* Task prompt *
From the first line to the last, retype everything below exactly, minus the pictures.

* Recorded data *

▽

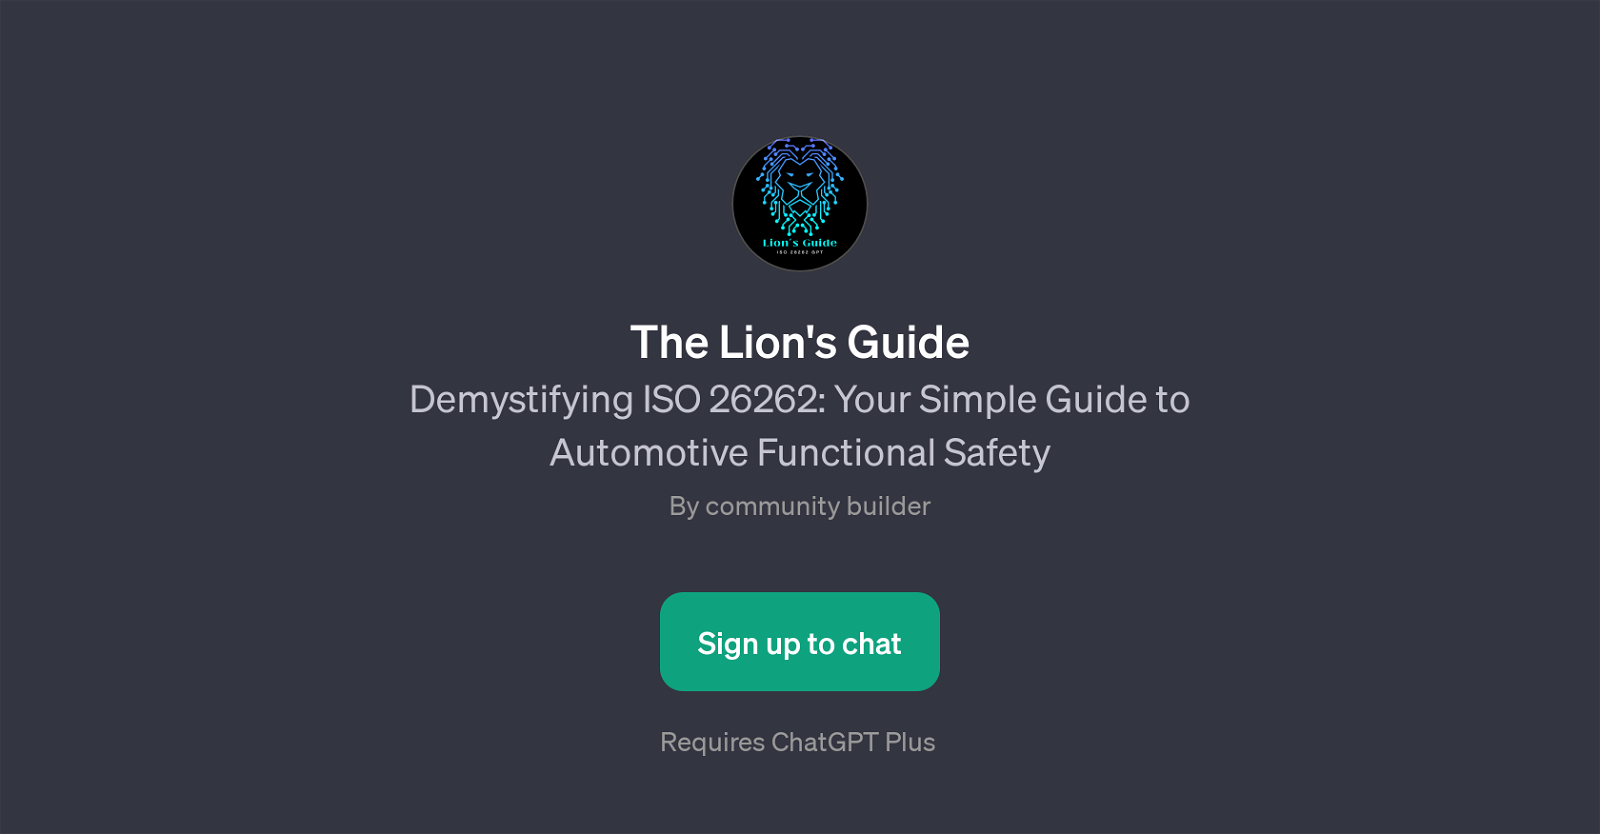 The Lion's Guide website
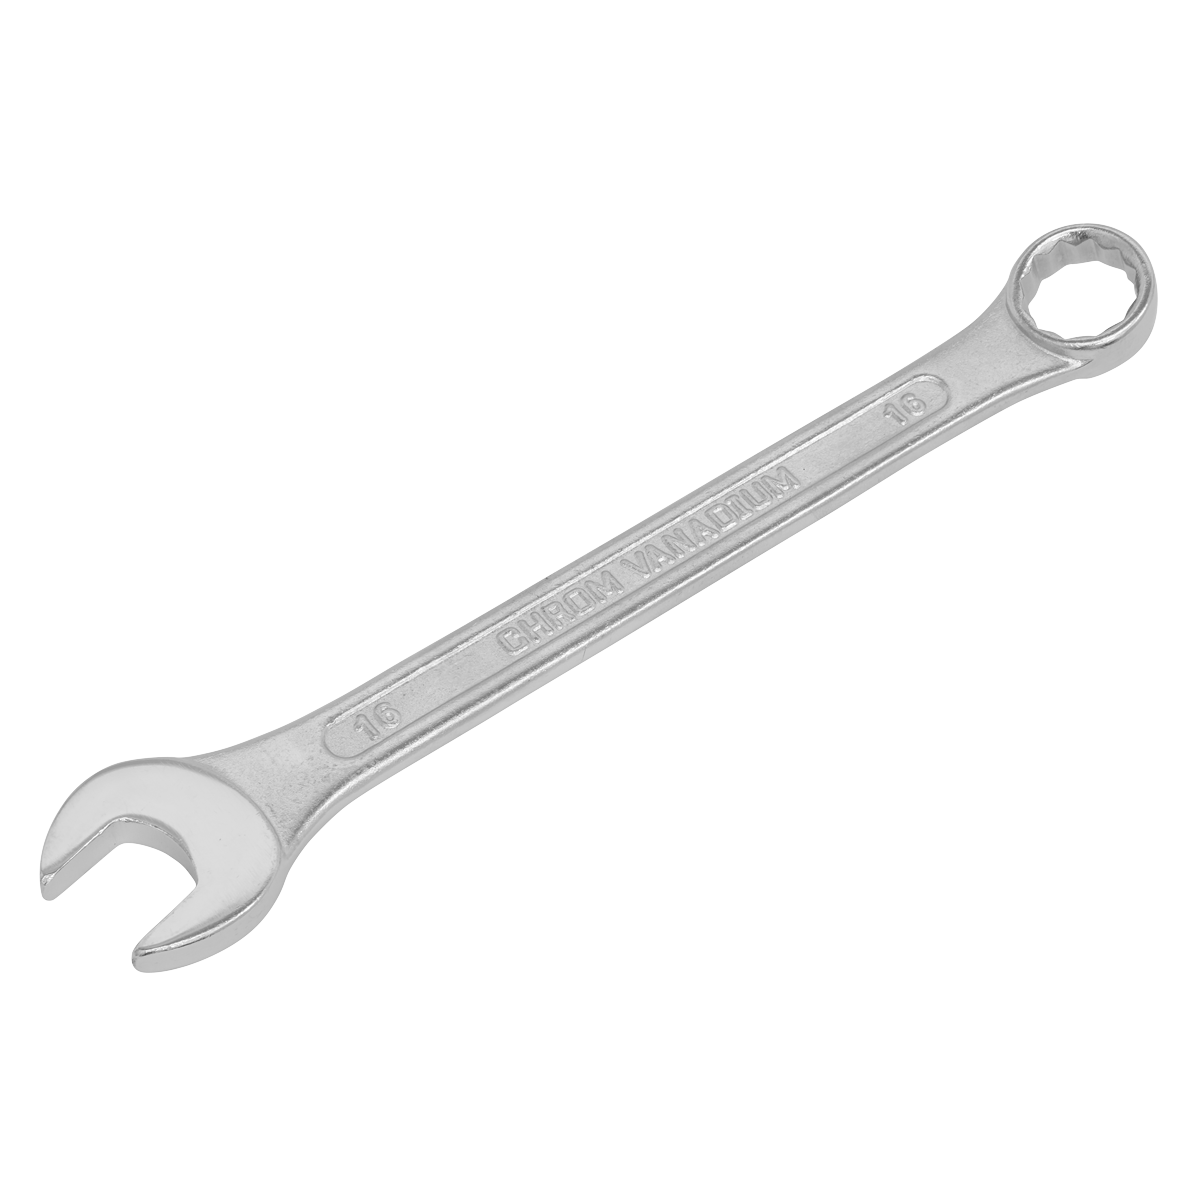 Sealey Combination Spanner 16mm S0416
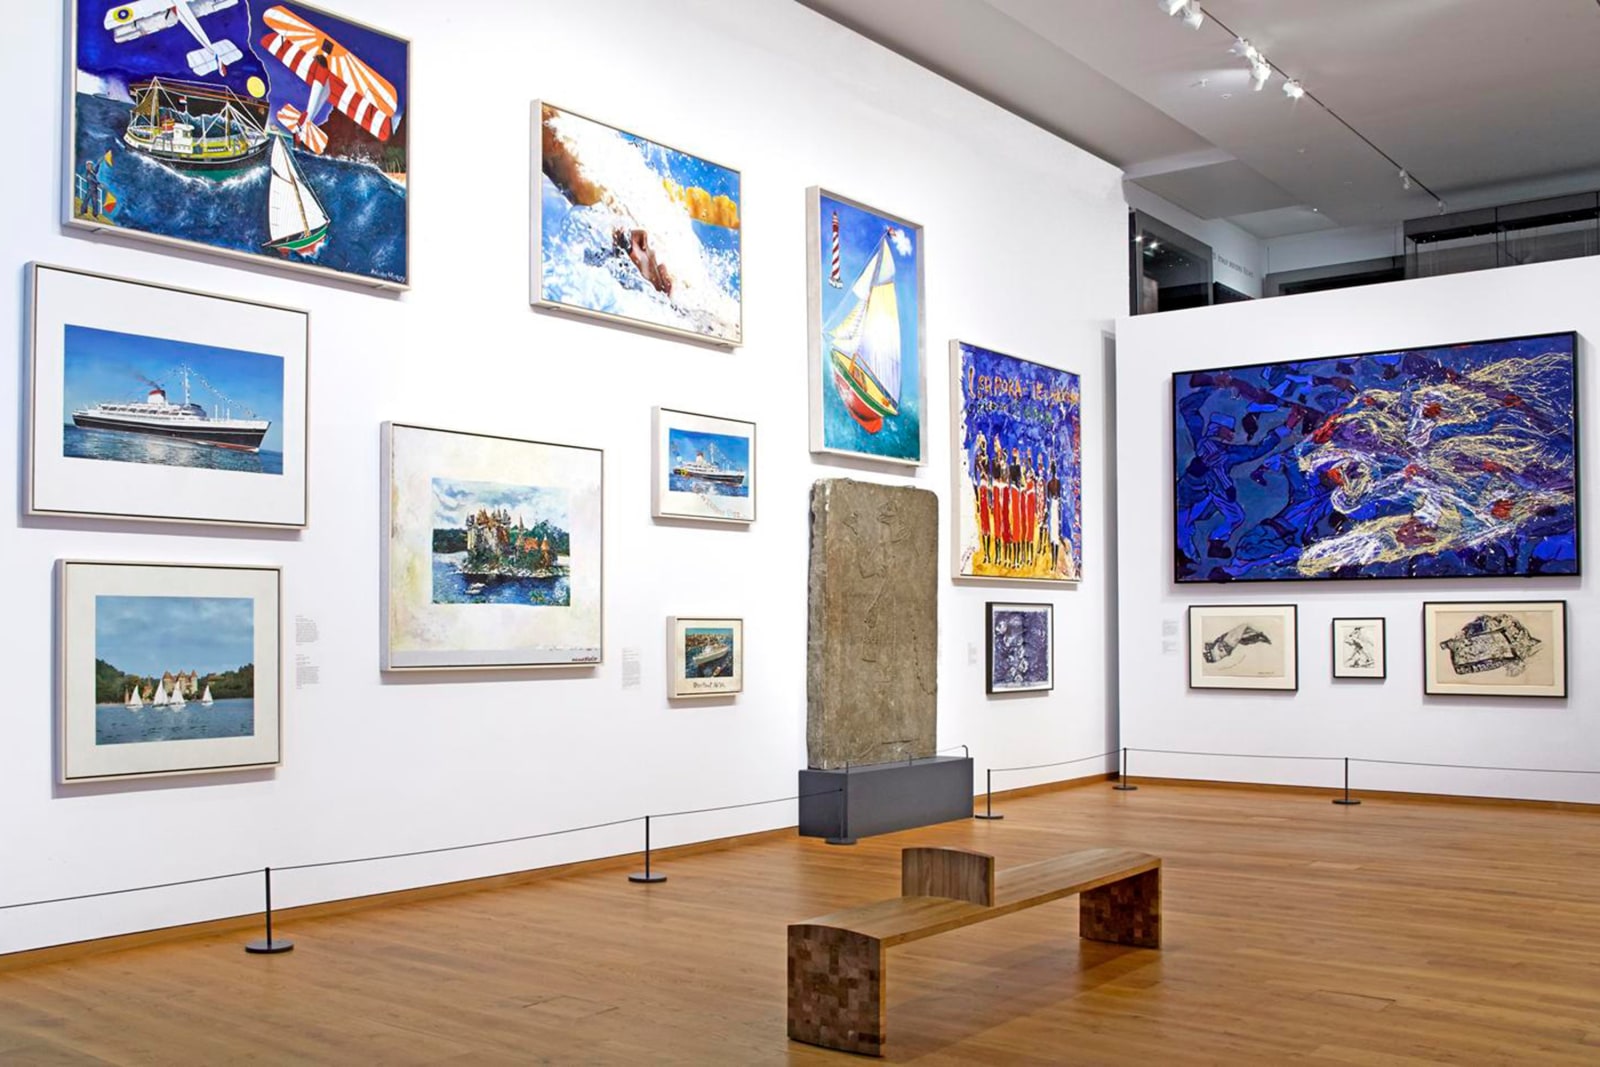 Installation view, Malcolm Morley at the Ashmolean: Paintings and Drawings from the Hall Collection, Ashmolean Museum of Art and Archaeology, University of Oxford, Oxford, UK, 2013

△

* Completed task *
 The Lion's Guide website
 Sealey Combination Spanner 16mm S0416
 Installation view, Malcolm Morley at the Ashmolean: Paintings and Drawings from the Hall Collection, Ashmolean Museum of Art and Archaeology, University of Oxford, Oxford, UK, 2013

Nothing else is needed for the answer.